Compulsory Living Wage from April 2016
In his budget announced today, George Osborne set out plans to introduce the Living Wage.
From April 2016, the National Minimum Wage will be replaced by the Living Wage. The current National Minimum Wage rate for adults over 21 is £6.50, rising to £6.70 in October. George Osborne’s announcement is for a Living Wage for over 25’s of £7.20 from next April, rising to £9 an hour by 2020.
If you look at the various bodies that campaign for a Living Wage, you will see that the principle is that workers should be paid enough to live decently and to provide for their family.
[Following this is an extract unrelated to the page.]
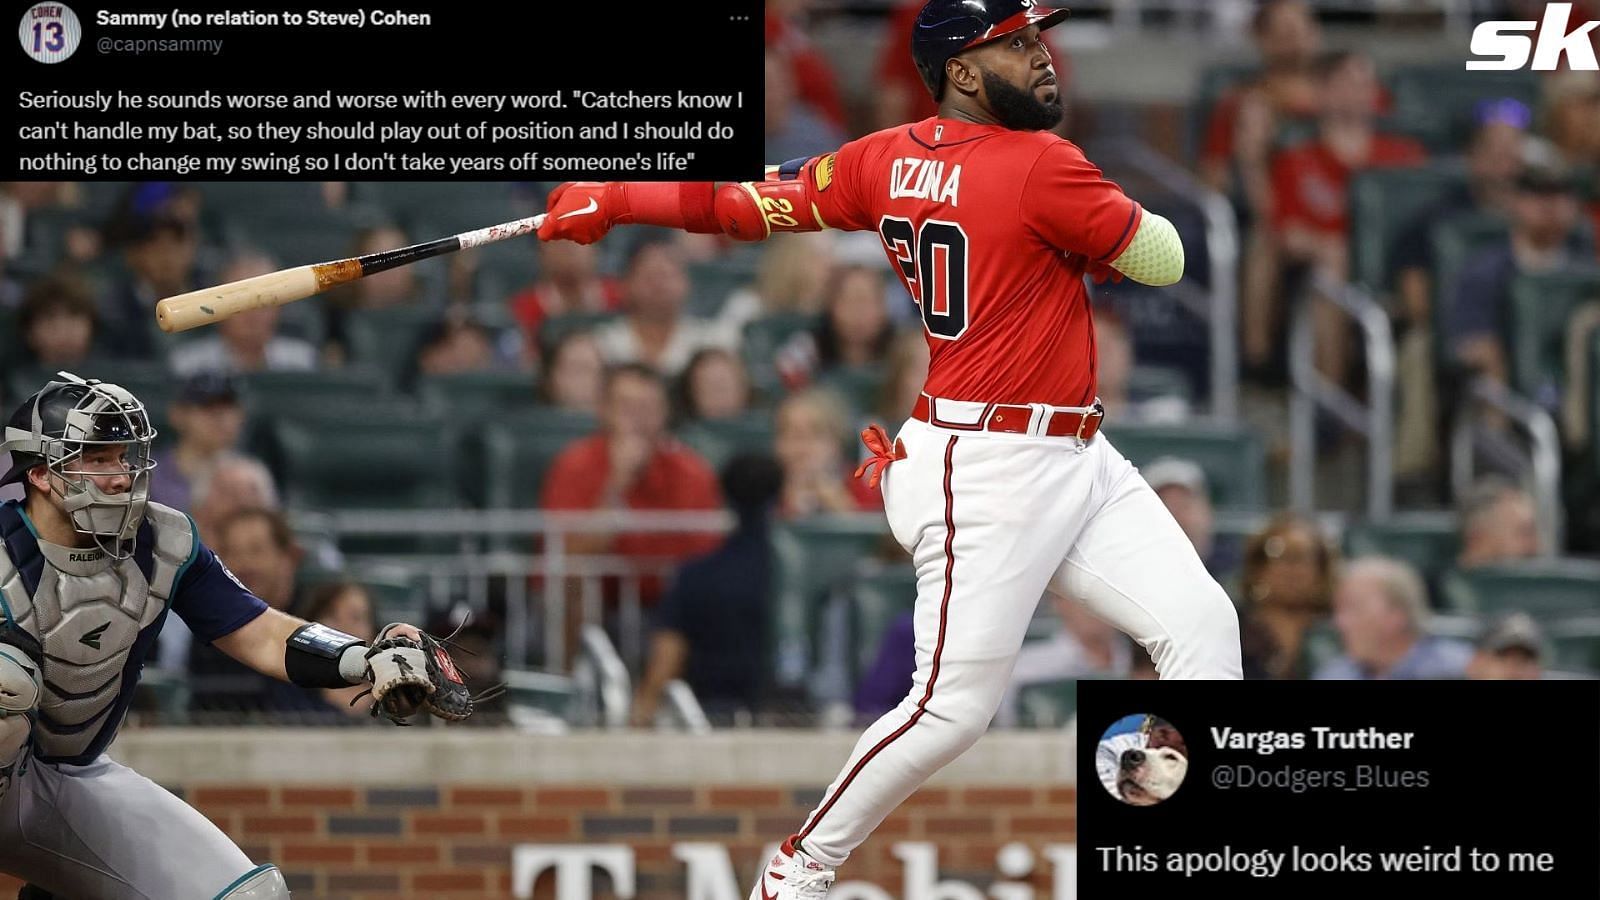 Marcell Ozuna is well-known for his exaggerated backswing

The Living Wage is:
- An hourly rate set independently and updated annually
- Calculated according to the basic cost of living in the UK
- The current UK Living Wage is £7.85 an hour
- The current London Living Wage is £9.15 an hour
- Employers choose to pay the Living Wage on a voluntary basis
The crucial point about George Osborne’s announcement is that his Living Wage rate is not as high as the accepted Living Wage rate. In effect, it is a rise in the National Minimum Wage for those over 25.
While Rhys Moore, Director of the Living Wage Foundation, welcomed the pay rise for what he thought would be over 2.5 million workers, he is calling for an early meeting to George Osborne to discuss the differences in the rates and other concerns he had about the announcement today.